Booster pump can effectively solve the water pressure and lead to water heater or other water consuming appliances water yield little, the not good problem of user experience for a short time, but booster pump on the market can not the perception discharge, in order to control the needs of monitoring discharge, the way of current producer is to install rivers sensor additional on booster pump's delivery port one side usually, adopt the threaded connection mode with rivers sensor the screwed joint be connected to booster pump's delivery port joint in, but this kind of booster pump still has following problem in the in-service use: 1. the booster water pump and the water flow sensor are connected by adopting the threaded joint, so that the caliber of a pipeline between the booster water pump and the water flow sensor is reduced to a certain extent, when the booster water pump is started, the flow speed of water flow passing through the pipeline is accelerated under the same pressure, and further, the rotating speed of a worm wheel in the sensor is increased, so that the data monitoring accuracy of the water flow sensor is directly influenced; 2. the water flow sensor is purchased and additionally installed by a manufacturer, so that the management and production are inconvenient, and the production cost is increased.

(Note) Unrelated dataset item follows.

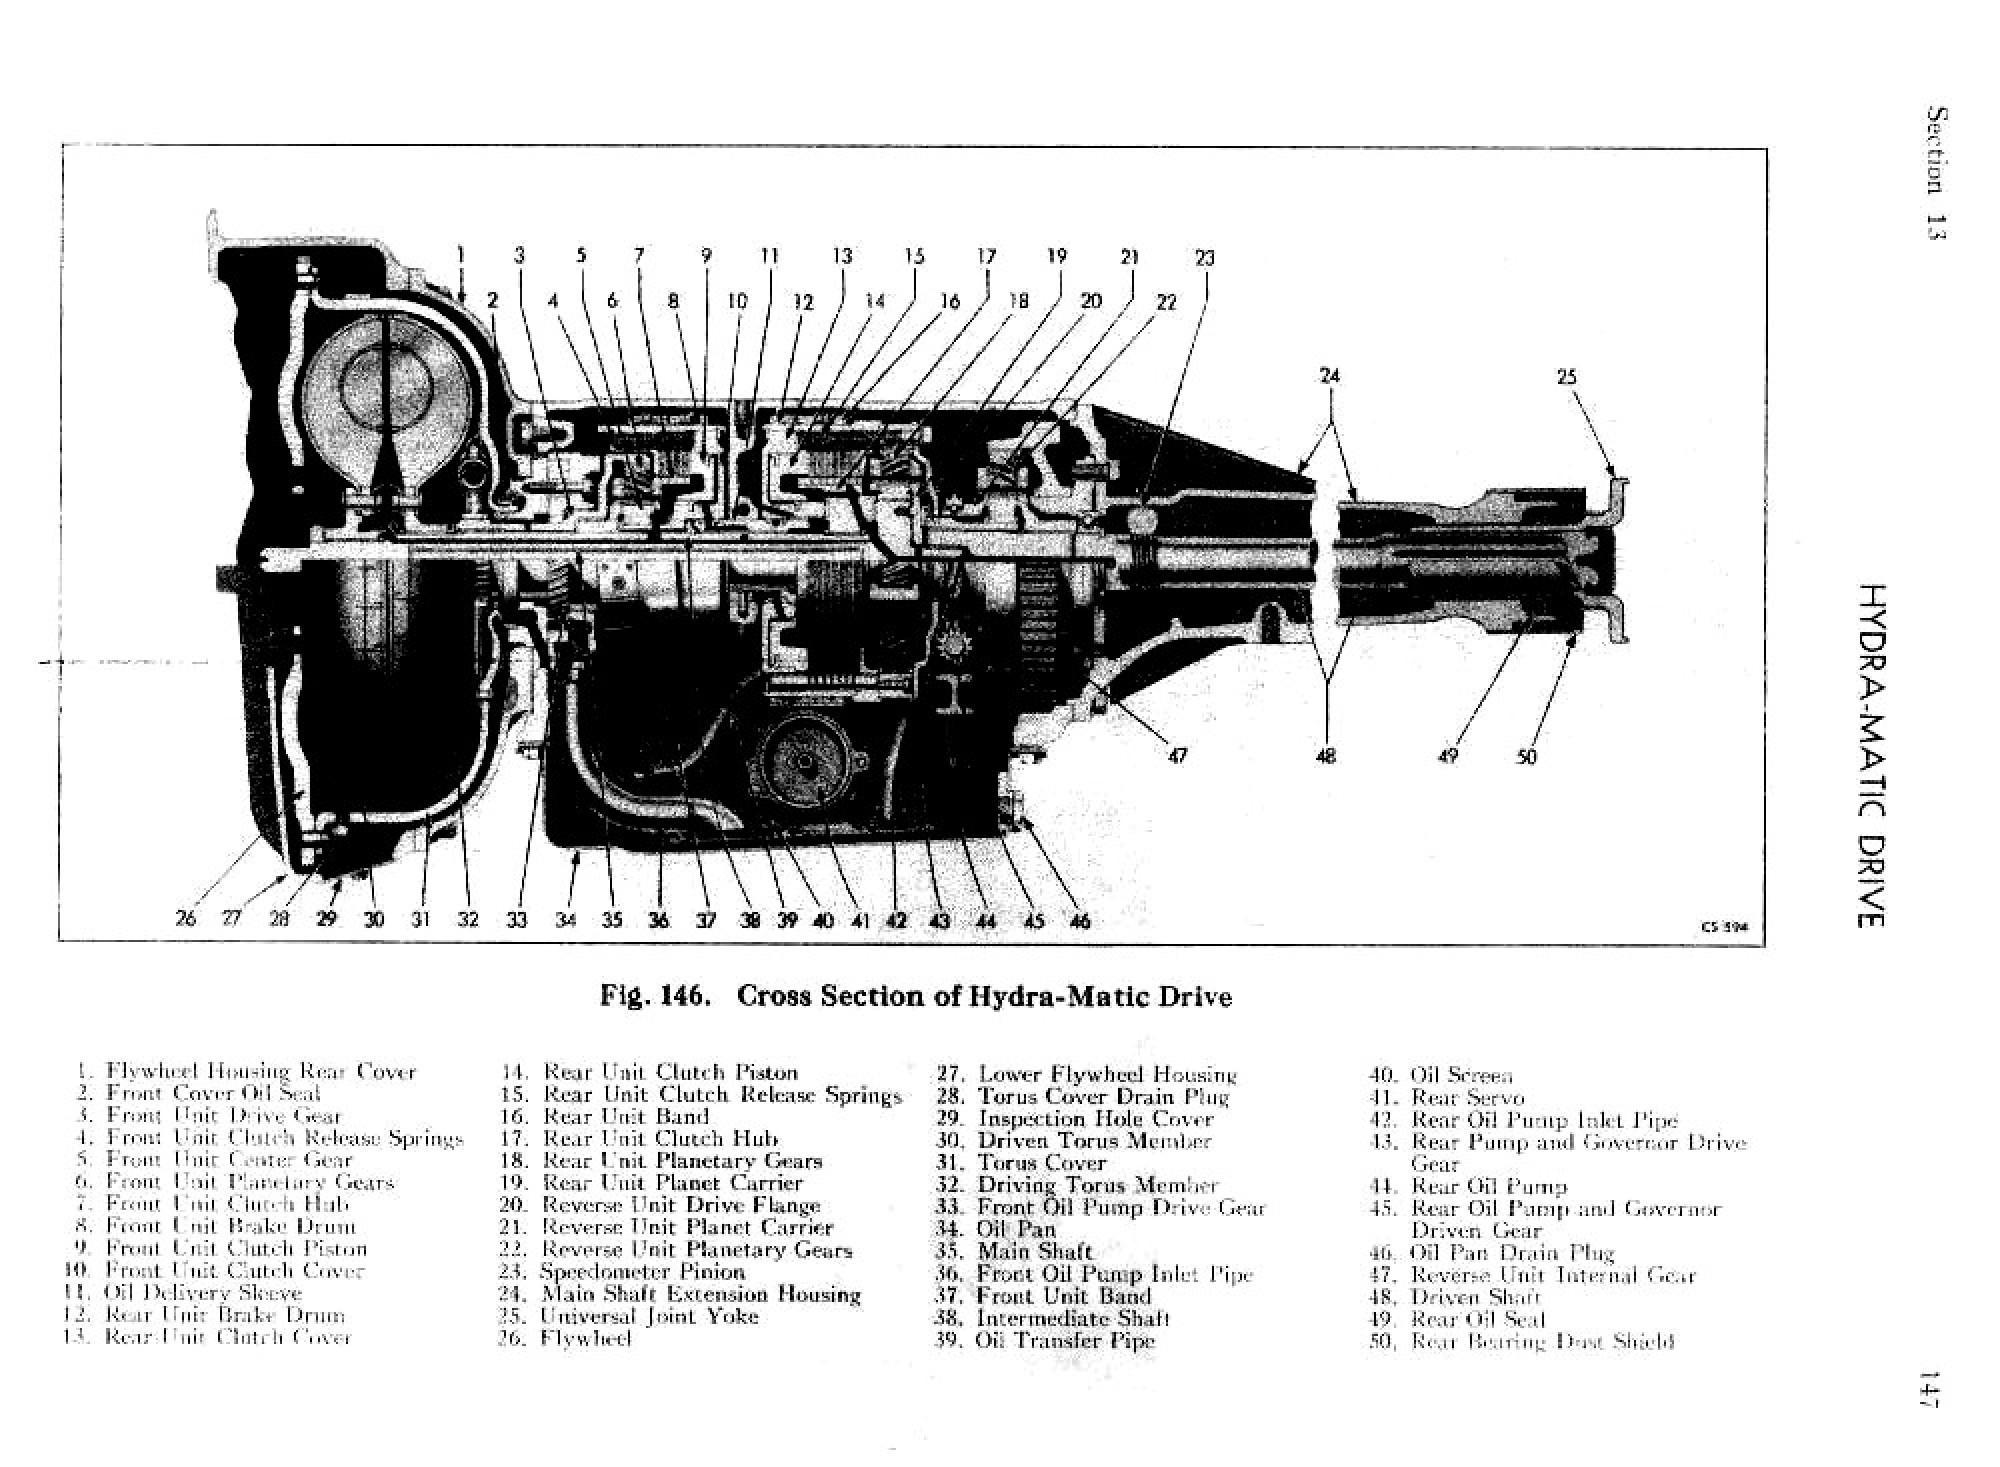 1949 Cadillac Shop Manual- Hydra-Matic Page 2 of 39

SUMMERY OF THE UTILITY MODEL
Therefore, the to-be-solved technical problem of the utility model lies in overcoming booster water pump among the prior art and adopting threaded joint to be connected so that the pipeline bore reduces to some extent with the rivers sensor, influences the data monitoring precision of rivers sensor, but also needs purchase in addition and install the rivers sensor, brings the inconvenient problem of management and production.
For solving the technical problem, the utility model provides a from booster water pump of taking flow sensor, including integrated into one piece structure fashioned water pump shell and flow sensor casing, with set up inlet channel and setting on the water pump shell are in outlet conduit on the flow sensor casing, the water pump shell with be provided with the continuous water service line of an organic whole between the flow sensor casing, the bore size of water service line is unanimous, be provided with in the water pump shell and be located the liquid actuating mechanism that send of water service line one end, be provided with in the flow sensor casing and be located the worm gear mechanism of the water service line other end, send liquid actuating mechanism to be used for passing through liquid the water service line carry extremely in the flow sensor casing, and drive the worm gear mechanism action.
As a preferable scheme, the water passage pipeline is of a straight pipe structure and comprises a first interface communicated with an inner cavity of the water pump shell and a second interface communicated with an inner cavity of the water flow sensor shell, and the second interface is arranged opposite to one end of the water outlet pipeline.
As a preferable scheme, the water pump housing comprises a base and a base which are fixedly connected or integrally formed, and the base, the water flow sensor housing and the water pipeline are integrally formed.
As a preferred scheme, the first interface is connected to the side face of the base, the water inlet pipeline is connected to the bottom of the base, and a water inlet hole is formed between the water inlet pipeline and the bottom of the base.
Preferably, the liquid conveying driving mechanism includes a rotor component rotatably disposed in an inner cavity formed between the base and the base, a winding stator disposed on the base and surrounding the rotor component, and an impeller structure disposed at one end of the rotor component in linkage with the water pipeline.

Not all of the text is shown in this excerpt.